In 2008, he sort of could talk, but sometimes didn't know who I was. So here I was, broke, with no money, nothing was working out, still sad about mom, dad didn't know who I was and was in a home. I couldn't go see him so that was it. I couldn't take it.
I planned for 5 months on when and how I would do it. I decided the Golden Gate Bridge, because mom and I had planned on walking across it if she lived. She was afraid of heights so that was our plan. So my plan was to walk it, then jump. I stood over that rail for 45 minutes crying and NOT ONE PERSON asked if I was okay. This was May 31, 2009. A tourist asked if I could take her photo. I was crying, on the Golden Gate Bridge, and no one cared. I tried to use one of those blue phones, it was dead. So that was that. But here is what saved me that day. It's scary up there when the wind blows. It's way up there. I looked over and thought. "This is really going to hurt and I'll probably survive the fall, drown or get eaten by a shark, anything is better than this." and I walked off went to the Warming Hut, got a hot chocolate and drove back to Los Angeles.

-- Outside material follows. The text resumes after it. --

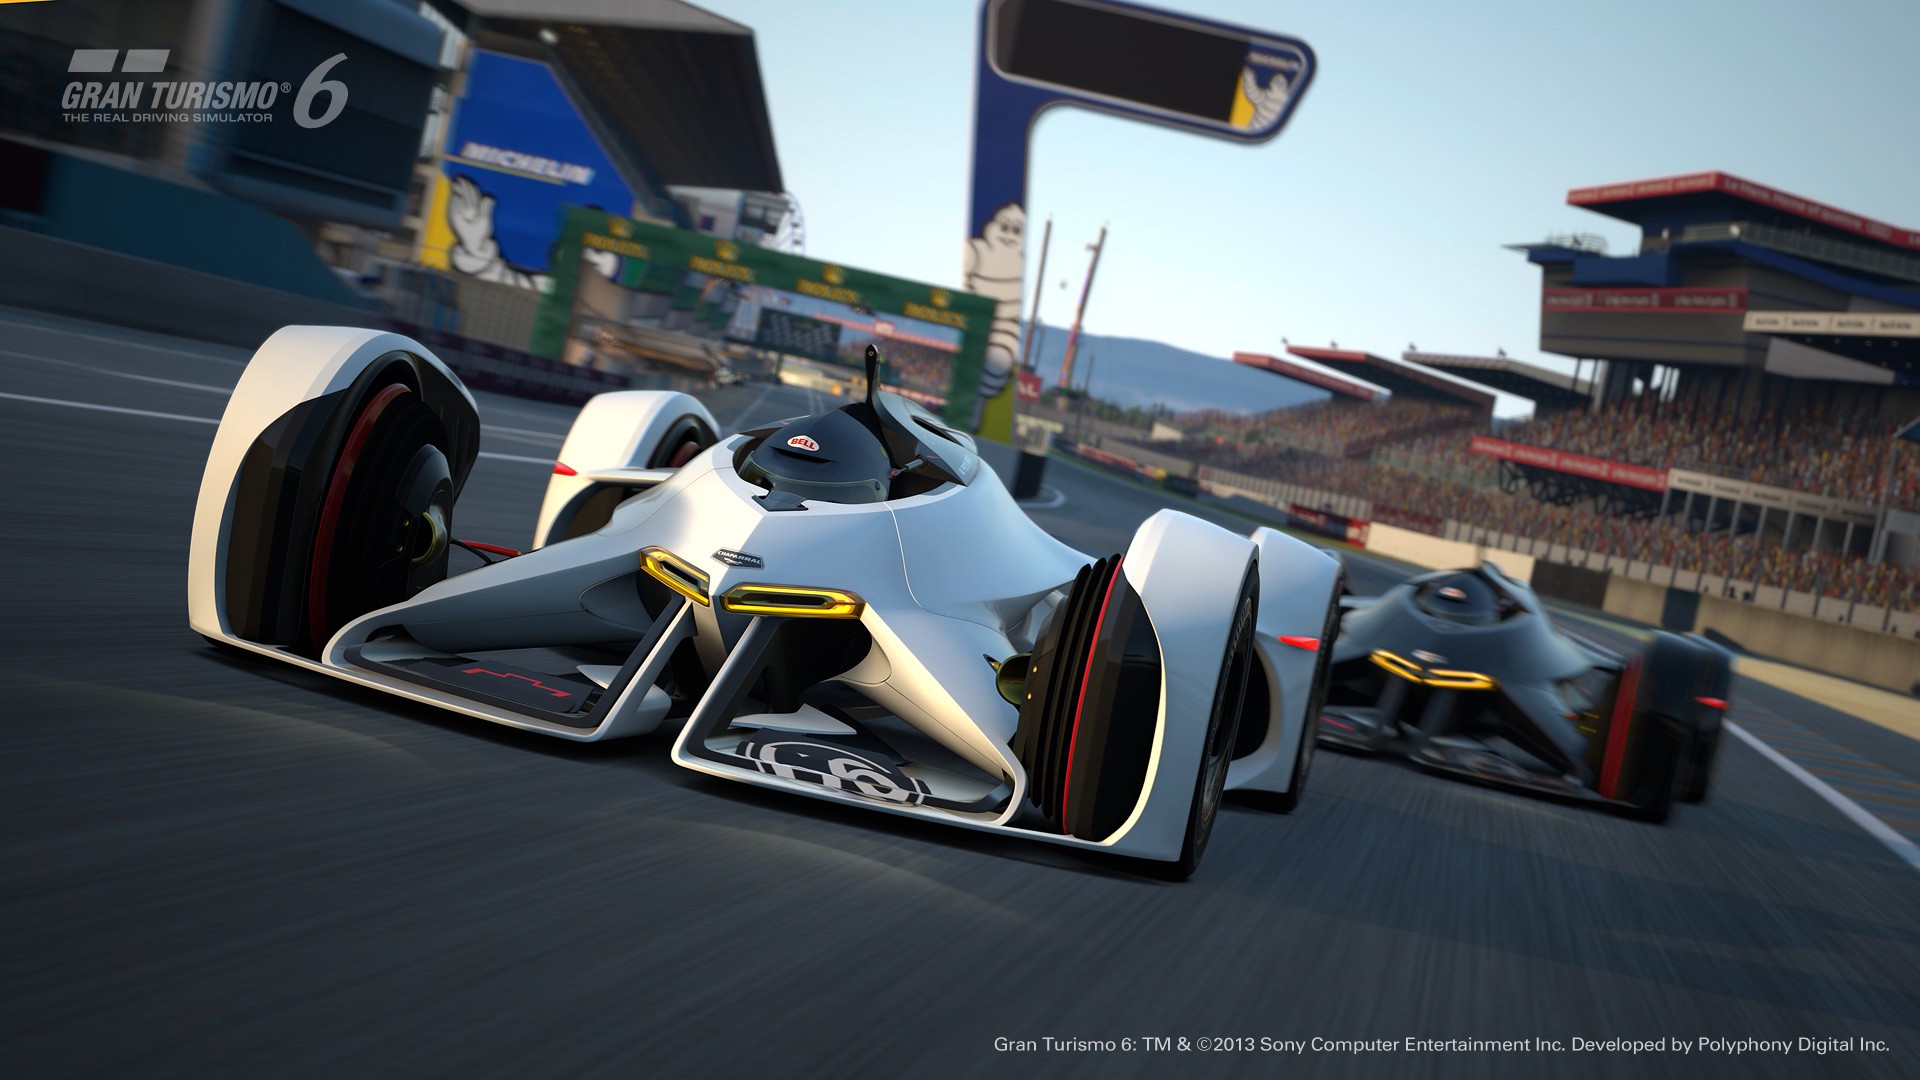 General 1920x1080 Vision Gran Turismo 2013 (Year) video games racing car Gran Turismo 6 Sony
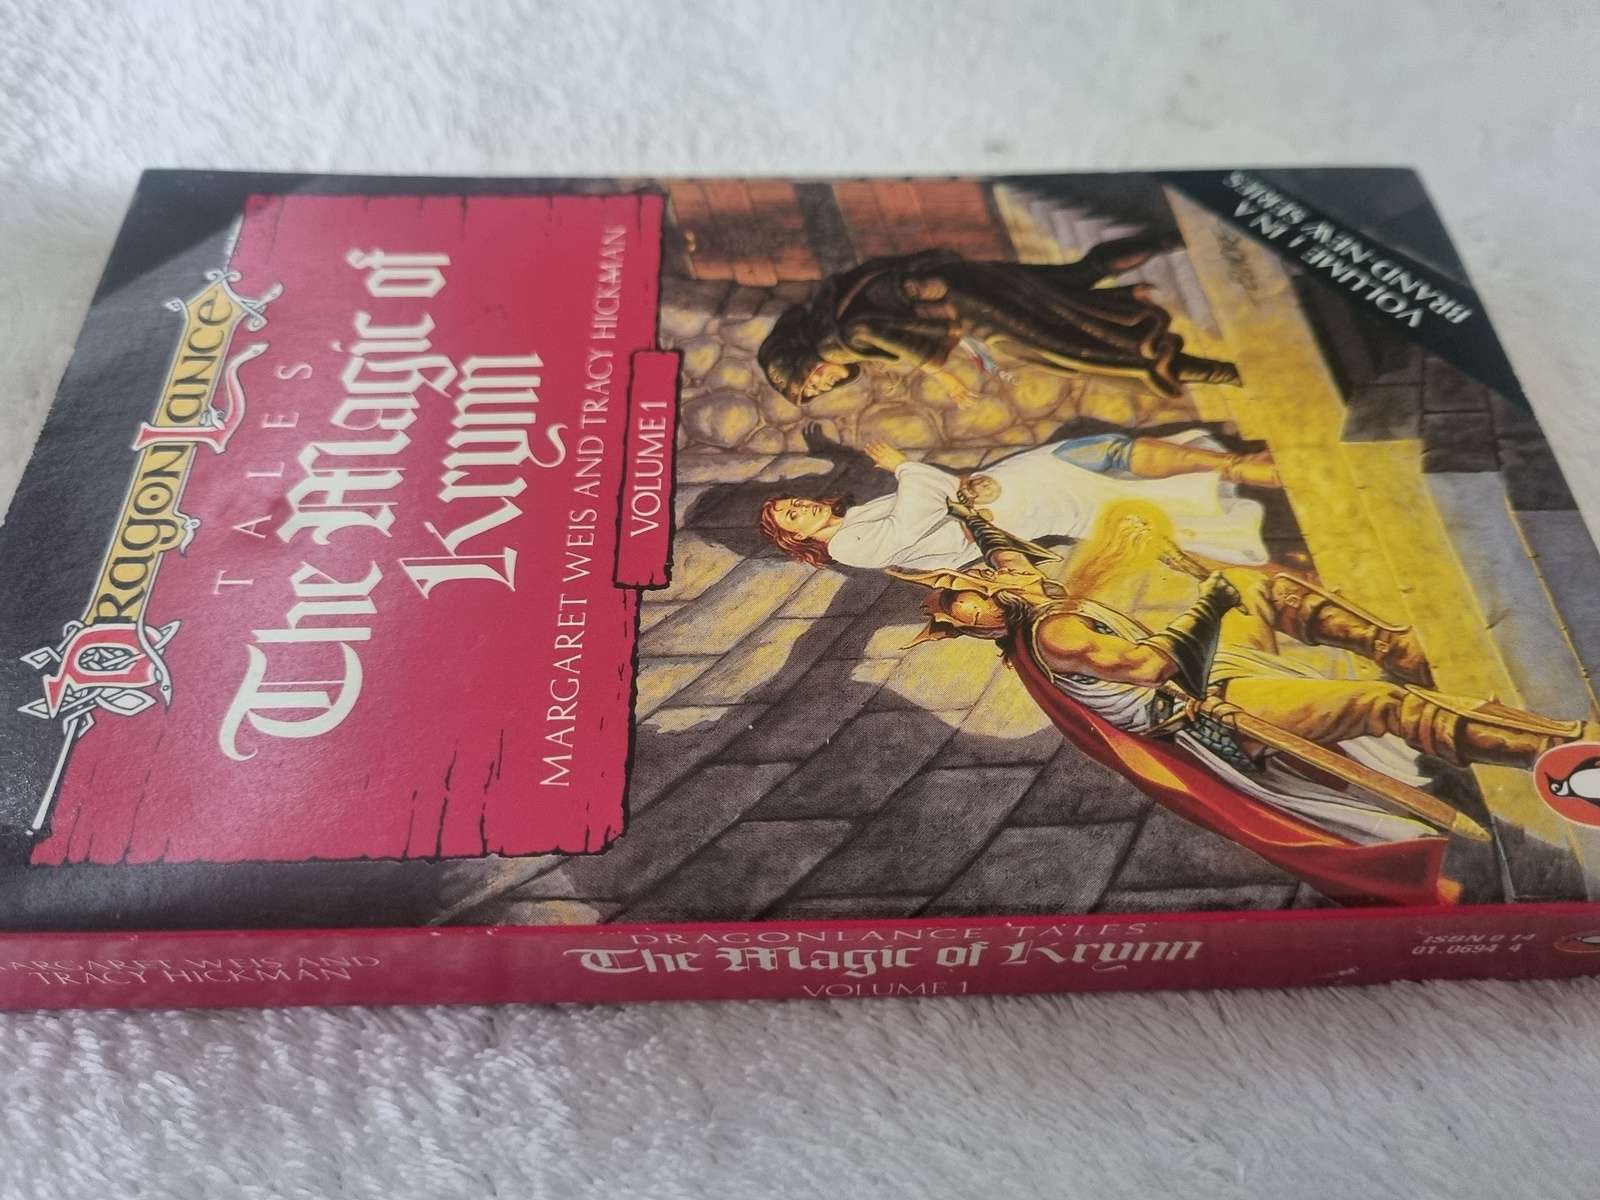 Dragonlance Tales: The Magic of Krynn - Margaret Weis & Tracy Hickman

No one in my life knew how sad I was because I hid it well and now I can look back and think of May 31st as the day I lived and started my life over. Do I miss my mom? Sure! I miss my brother, my mom, and my dad who passed away in June of 2012. But I don't want to die, I never wanted to die and I knew people would miss me, I just wanted the pain to stop.
Now I support the Bridge Rail Foundation on getting a barrier up, because most people won't walk away. Most people can't. I was lucky. I am lucky. I am not sure what stopped me really that day. For the first time in my life I was afraid of heights-maybe mom was there, who knows, but I am so grateful that I didn't take that final leap.